Also planned (provisionally) is a schools activity, with a competition and a prize giving at the public lecture. Contact: Jane Hillston

The Alan Turing Year

Who was Alan Turing?
Founder of computer science, mathematician, philosopher,
codebreaker, strange visionary and a gay man before his time:
...a quite brilliant mathematician... whose unique contribution helped to turn the tide of war... horrifying that he was treated so inhumanely... (Alan Turing Homepage)

Alan Turing was born 23rd June 1912. He was arrested for homosexuality, and sentenced to chemical castration in 1952. He lost his security clearance, which denied him access to much of his work. He committed suicide in 1954.

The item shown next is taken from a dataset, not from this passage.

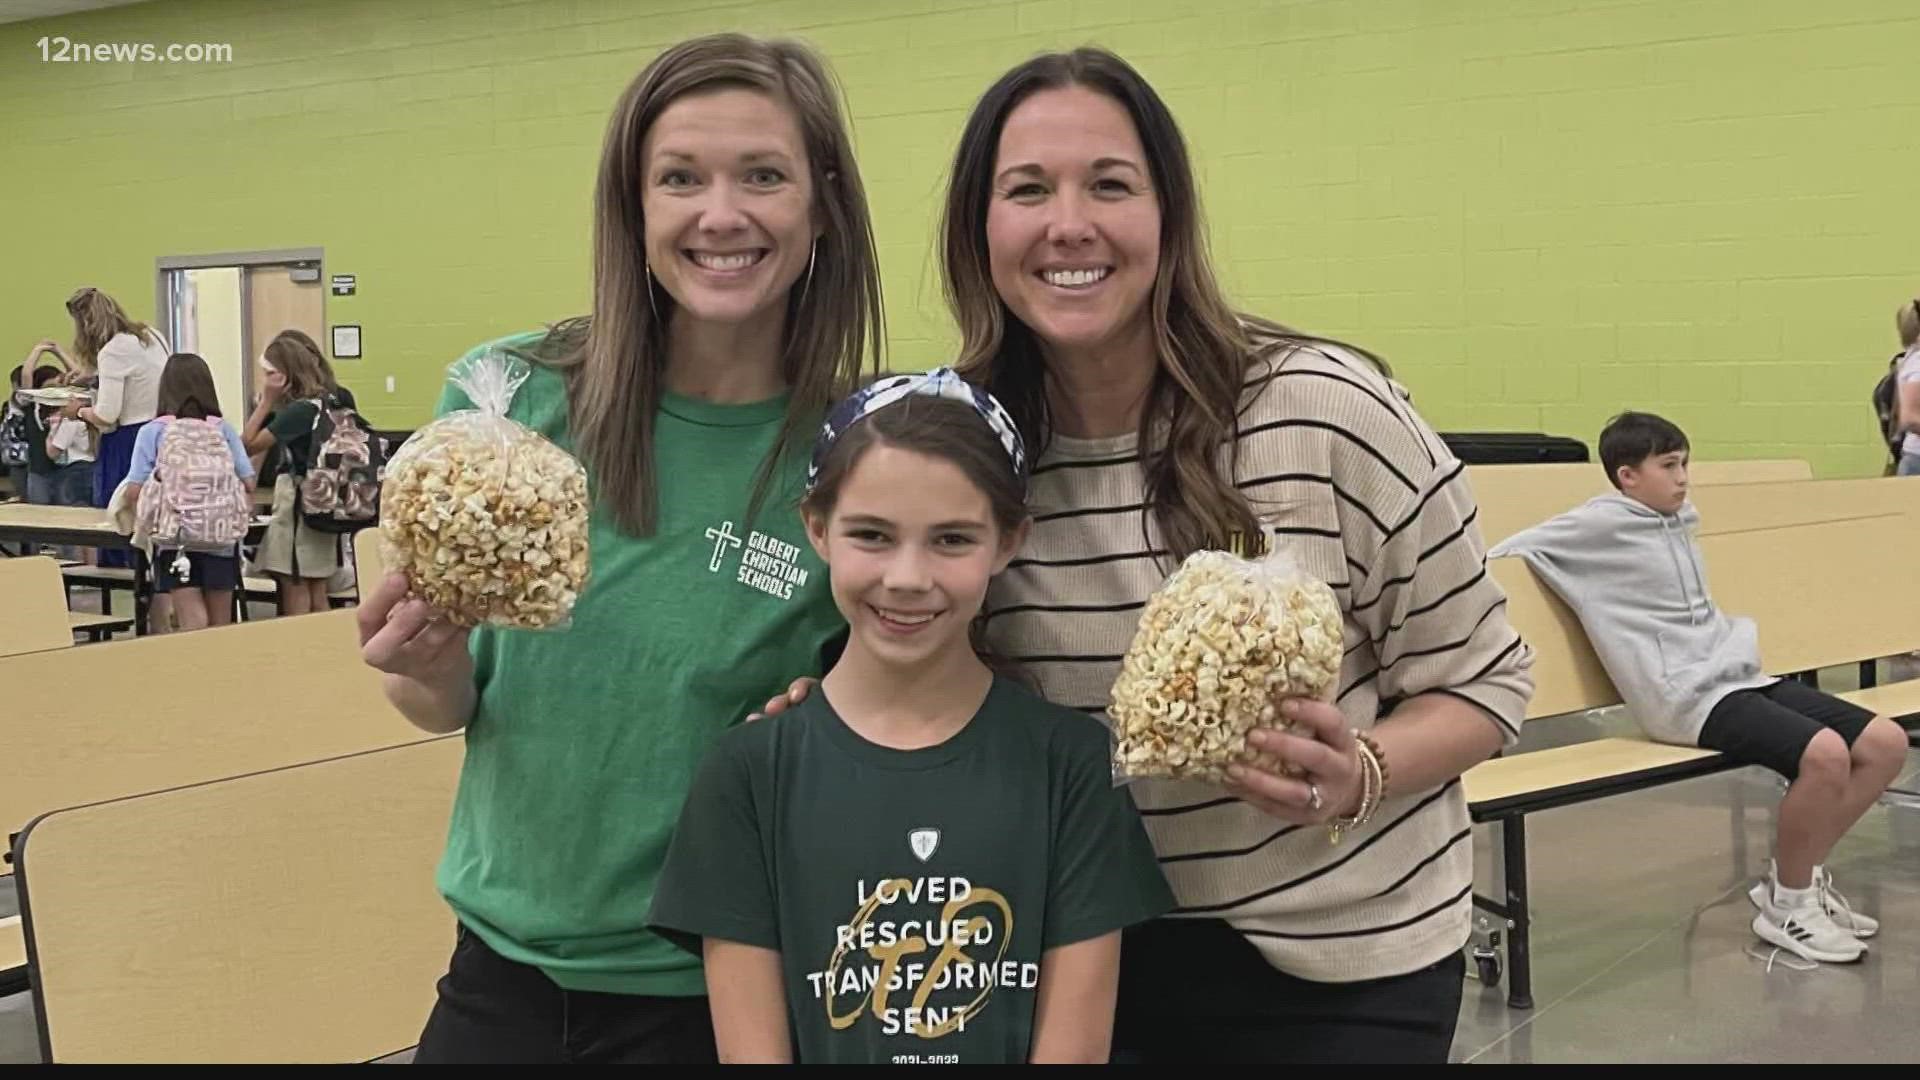 An East Valley mom and math teacher is one of the brains behind a club that’s using startup thinking to change the way kids learn, through a hands-on experience.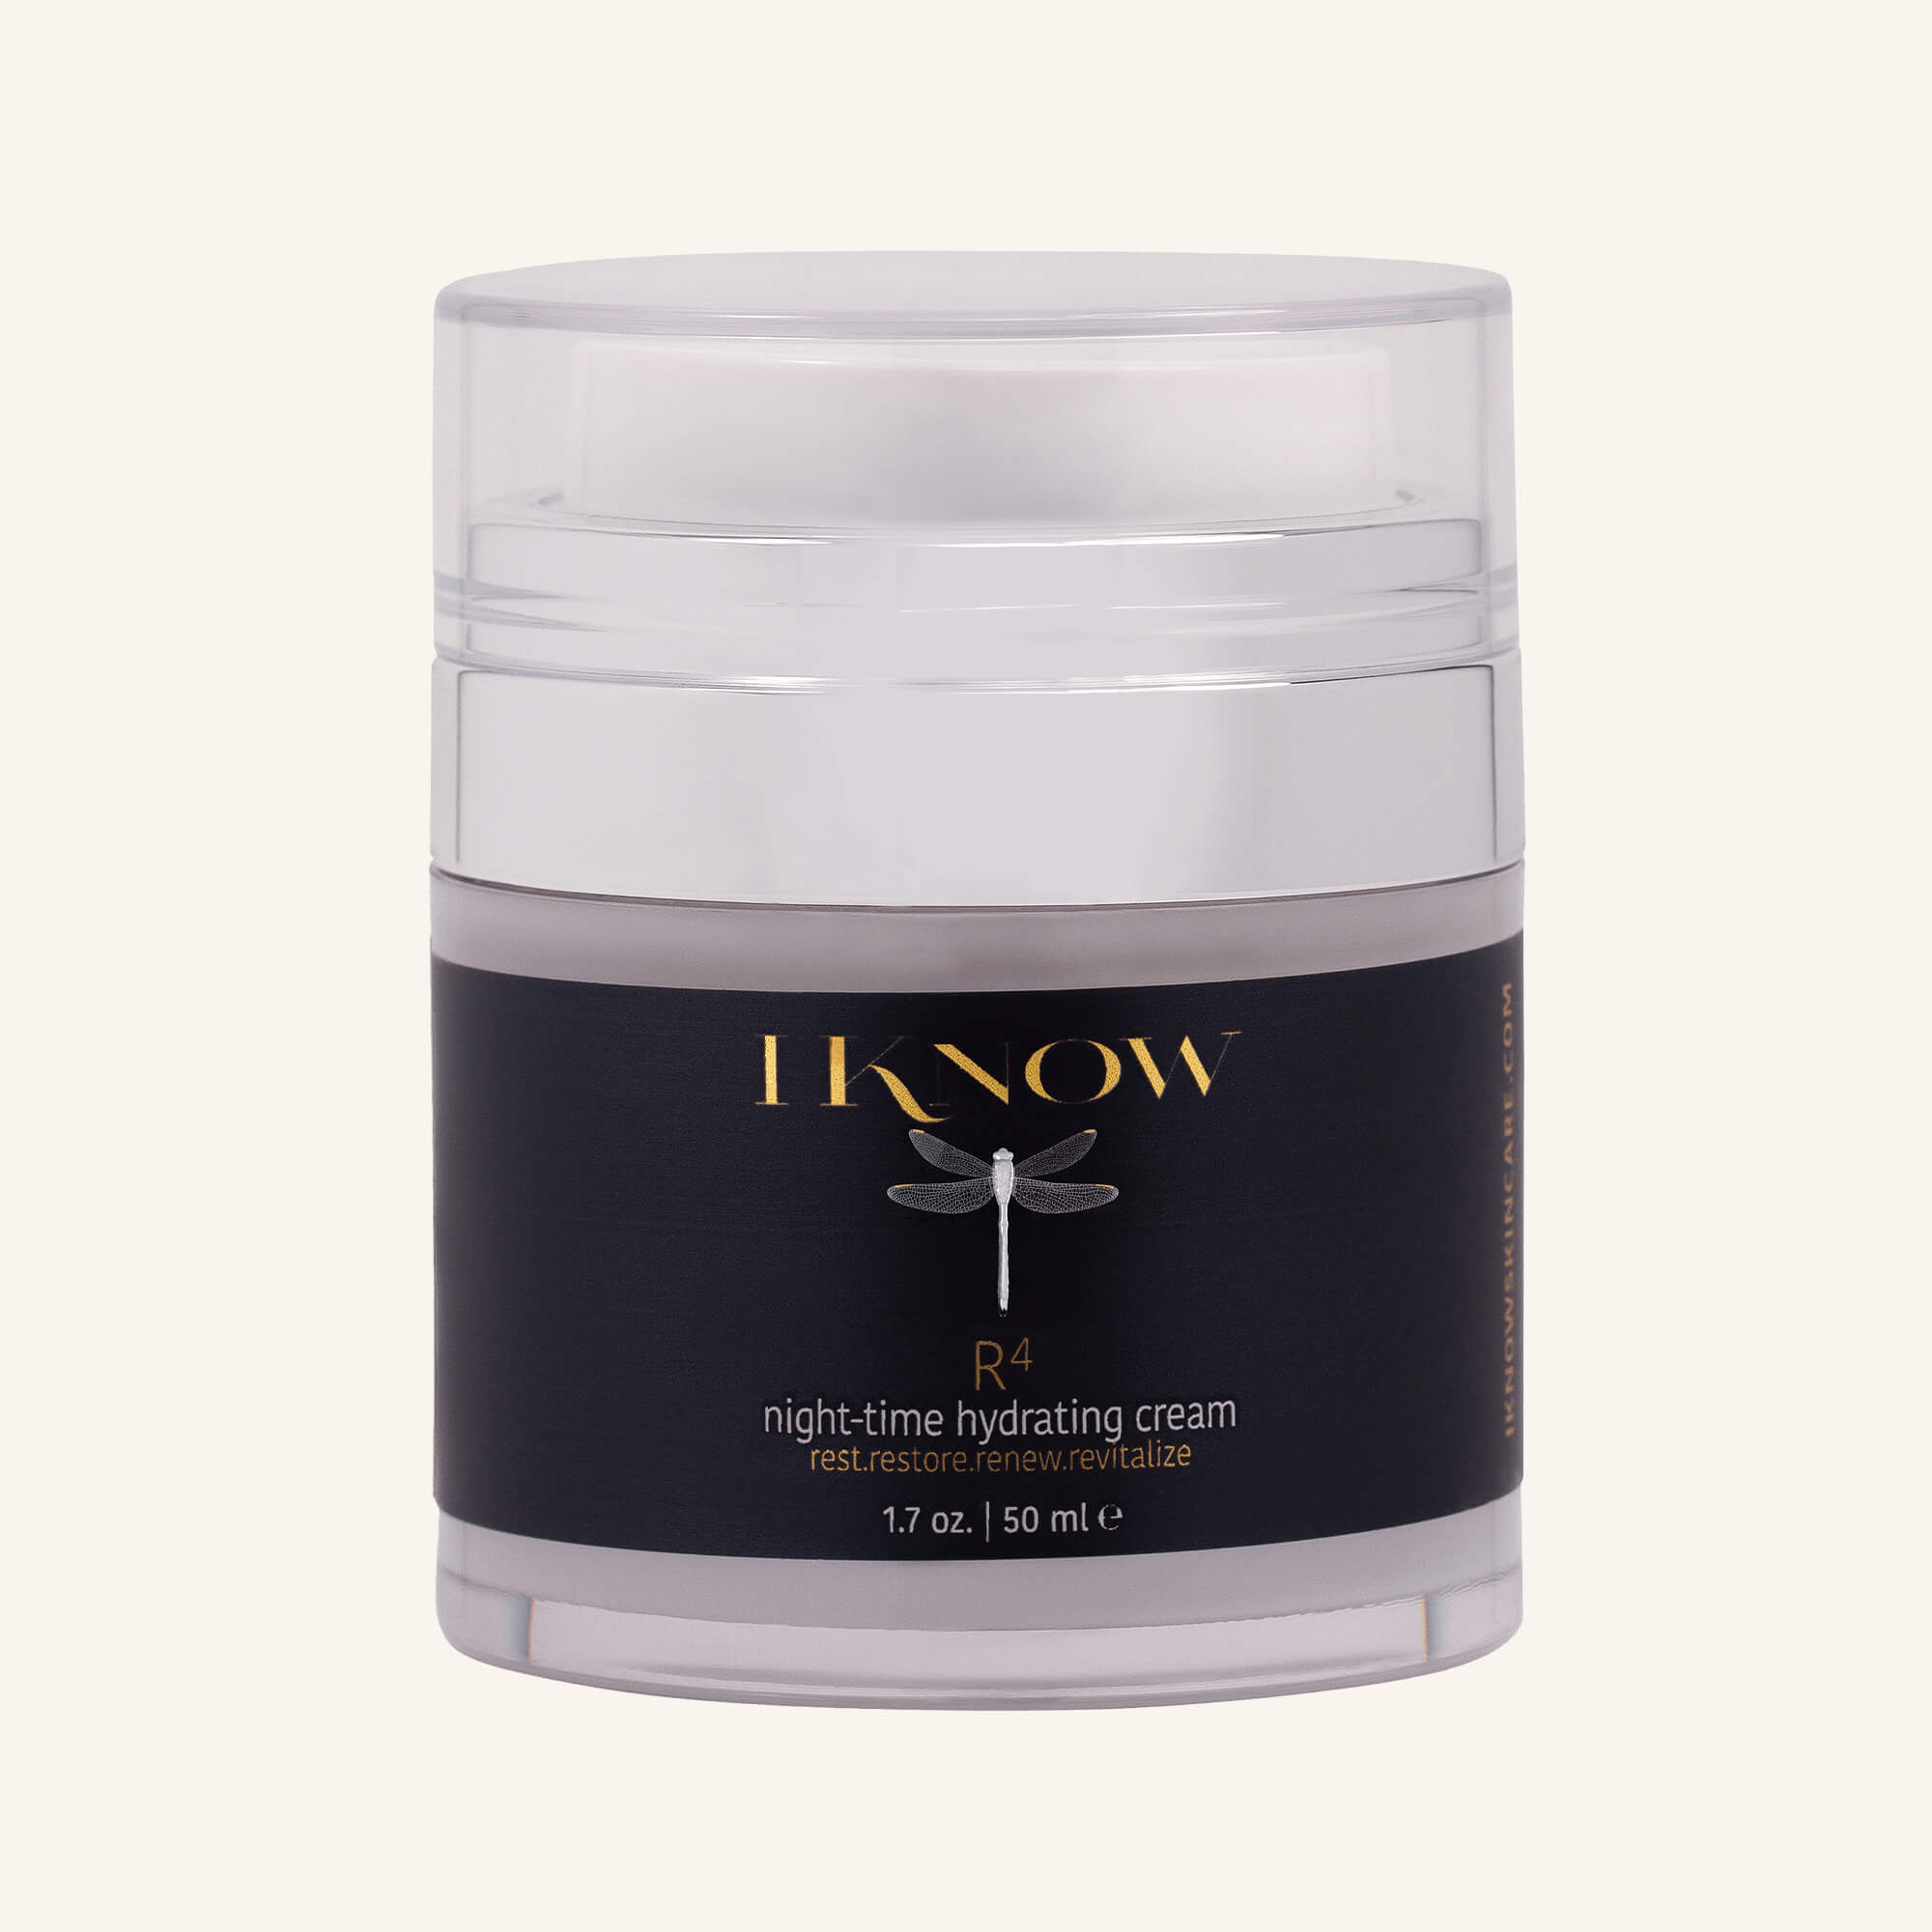 IKNOW R4 Night-time Hydrating Cream replenishes dry skin and boosts suppleness

Gordon Brown's apology, Thursday 10th September 2009:

2009 has been a year of deep reflection – a chance for Britain, as a nation, to commemorate the profound debts we owe to those who came before. A unique combination of anniversaries and events have stirred in us that sense of pride and gratitude which characterise the British experience. Earlier this year I stood with Presidents Sarkozy and Obama to honour the service and the sacrifice of the heroes who stormed the beaches of Normandy 65 years ago. And just last week, we marked the 70 years which have passed since the British government declared its willingness to take up arms against Fascism and declared the outbreak of World War Two. So I am both pleased and proud that, thanks to a coalition of computer scientists, historians and LGBT activists, we have this year a chance to mark and celebrate another contribution to Britain’s fight against the darkness of dictatorship; that of code-breaker Alan Turing.

Turing was a quite brilliant mathematician, most famous for his work on breaking the German Enigma codes. It is no exaggeration to say that, without his outstanding contribution, the history of World War Two could well have been very different. He truly was one of those individuals we can point to whose unique contribution helped to turn the tide of war. The debt of gratitude he is owed makes it all the more horrifying, therefore, that he was treated so inhumanely. In 1952, he was convicted of ‘gross indecency’ – in effect, tried for being gay. His sentence – and he was faced with the miserable choice of this or prison – was chemical castration by a series of injections of female hormones. He took his own life just two years later.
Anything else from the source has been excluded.